* _Brief_
Quote all lines below exactly. Images stay out.

* _Data section_
++++++

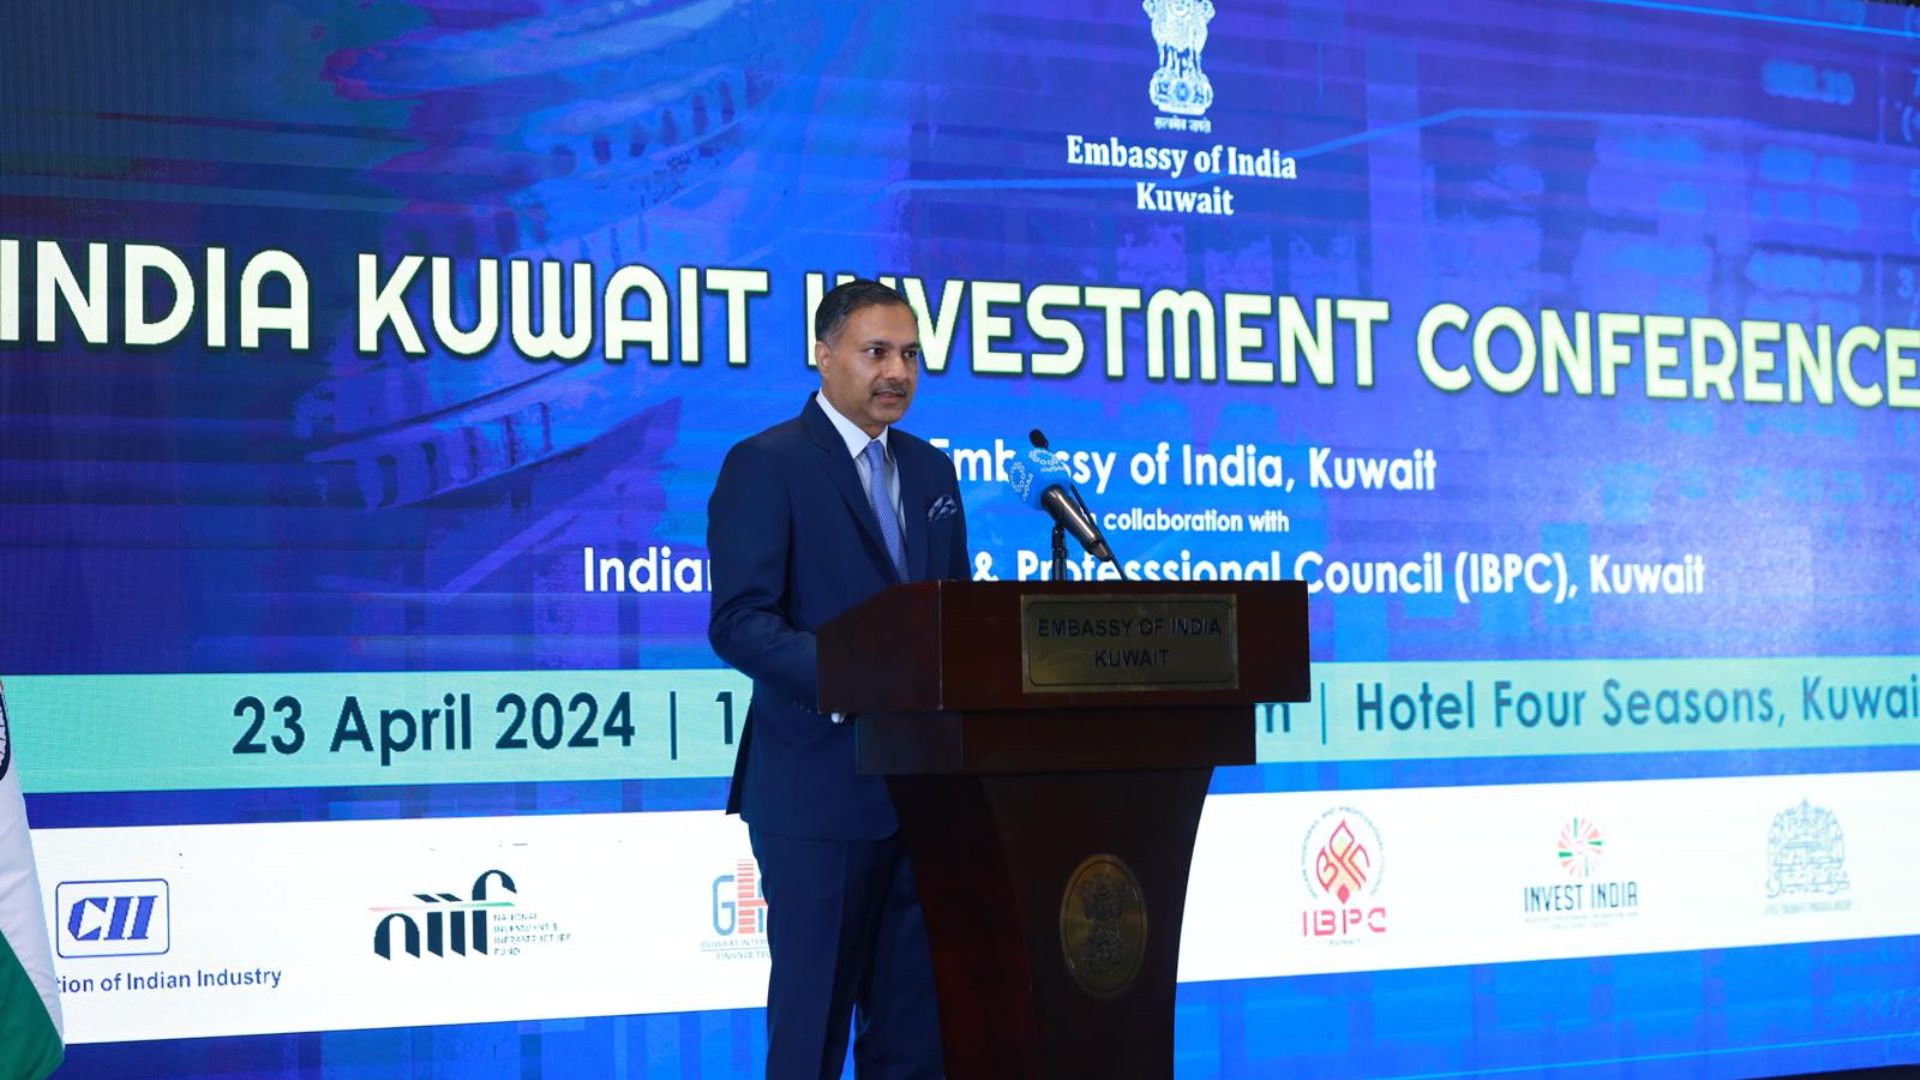 India and Kuwait Strengthen Economic Ties with MoU on Information Sharing at Investment Conference 2.0
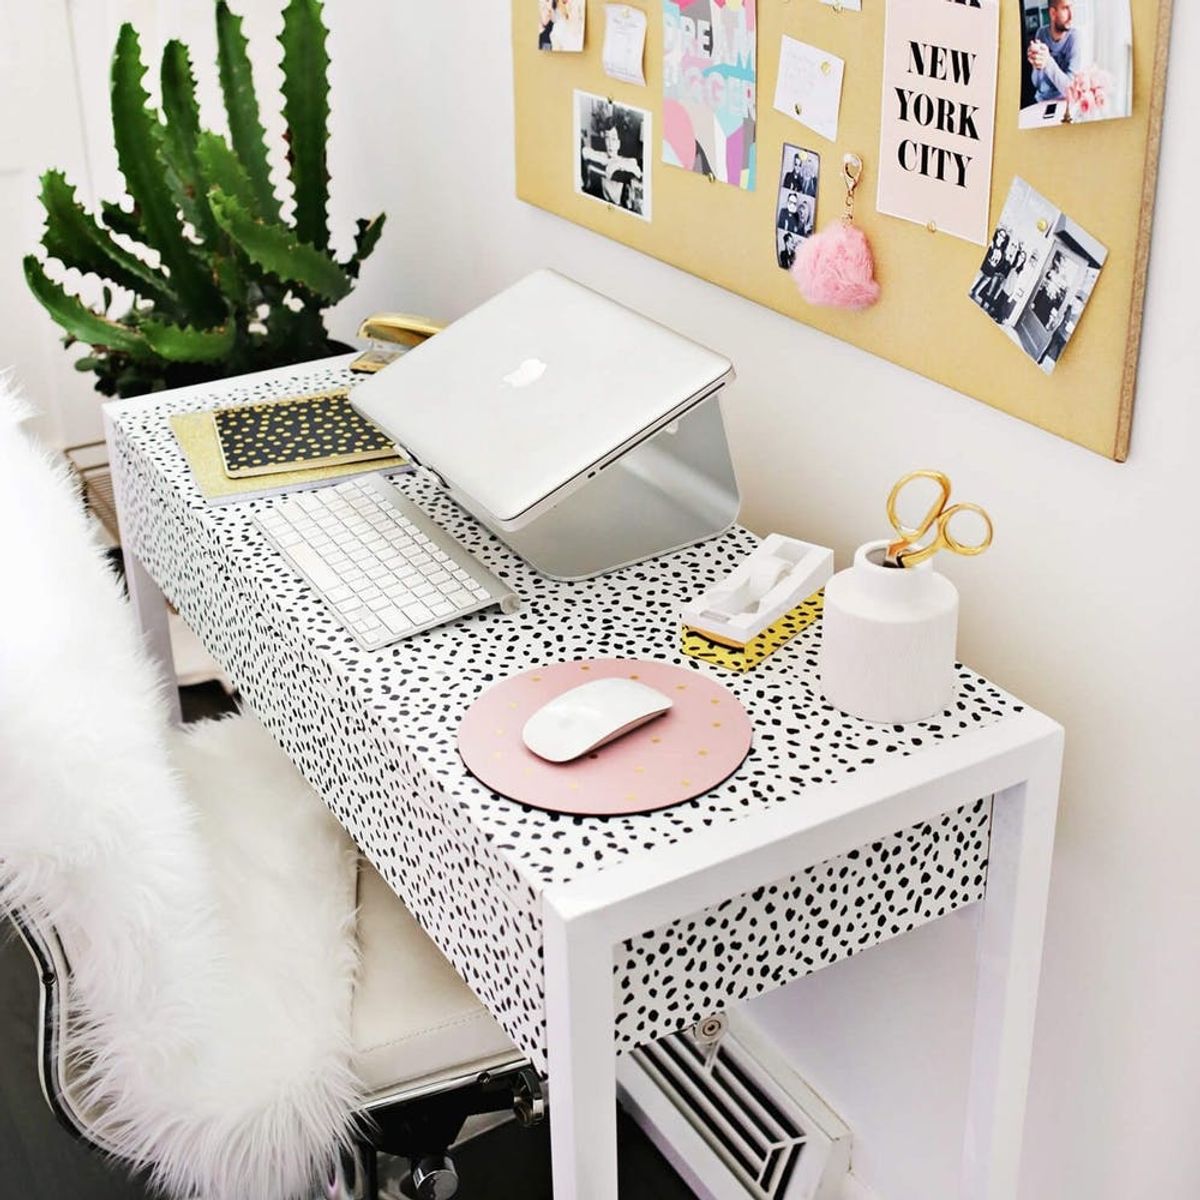 13 Kate Spade New York-Inspired Office Decor Ideas for the HBIC
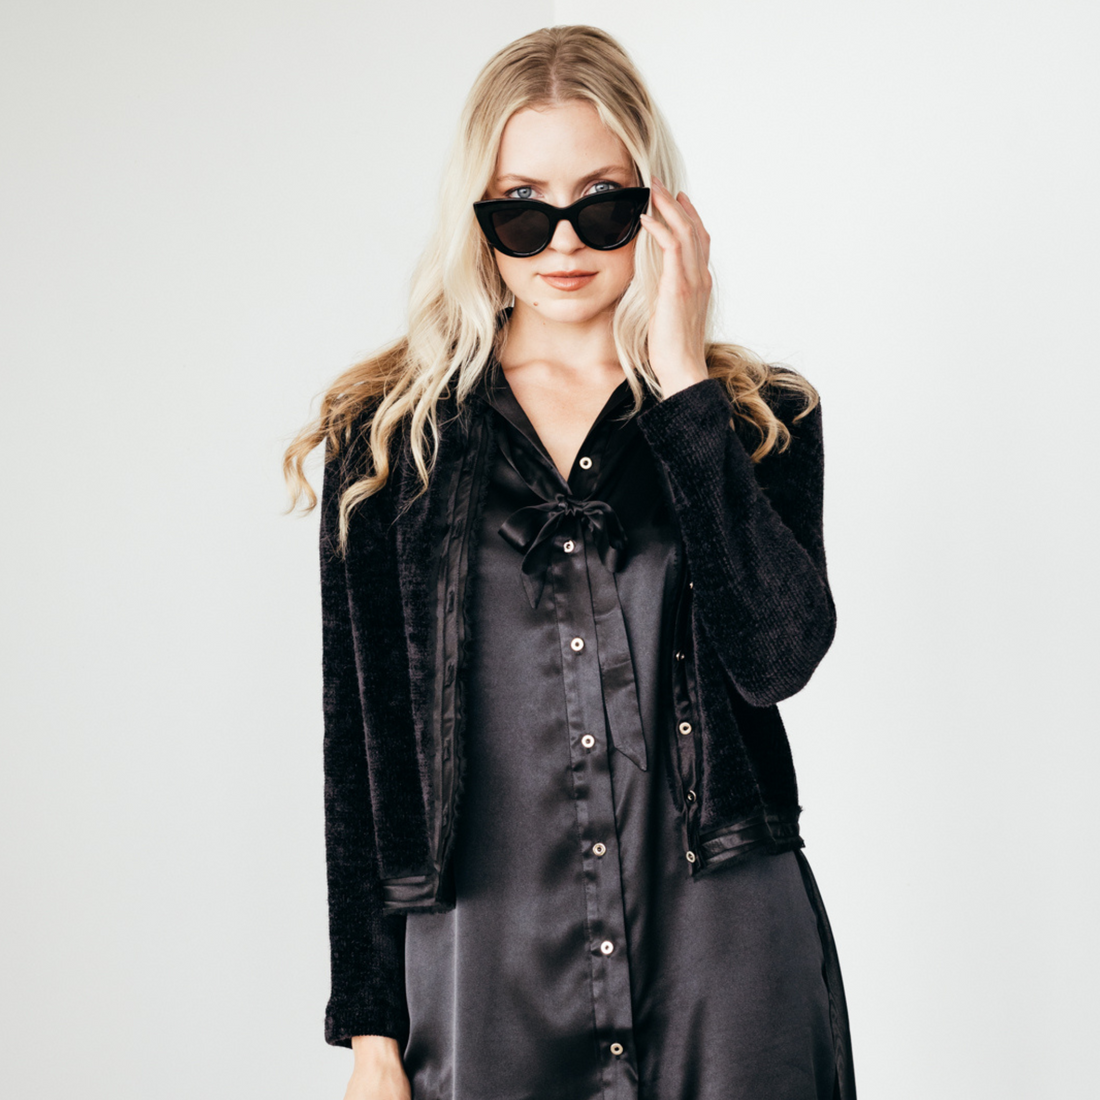  black button up mary sweater with frayed chiffon and sateen detail at the center front and hem by inlarkin

++++++

* _Answer below_
 India and Kuwait Strengthen Economic Ties with MoU on Information Sharing at Investment Conference 2.0
 13 Kate Spade New York-Inspired Office Decor Ideas for the HBIC
  black button up mary sweater with frayed chiffon and sateen detail at the center front and hem by inlarkin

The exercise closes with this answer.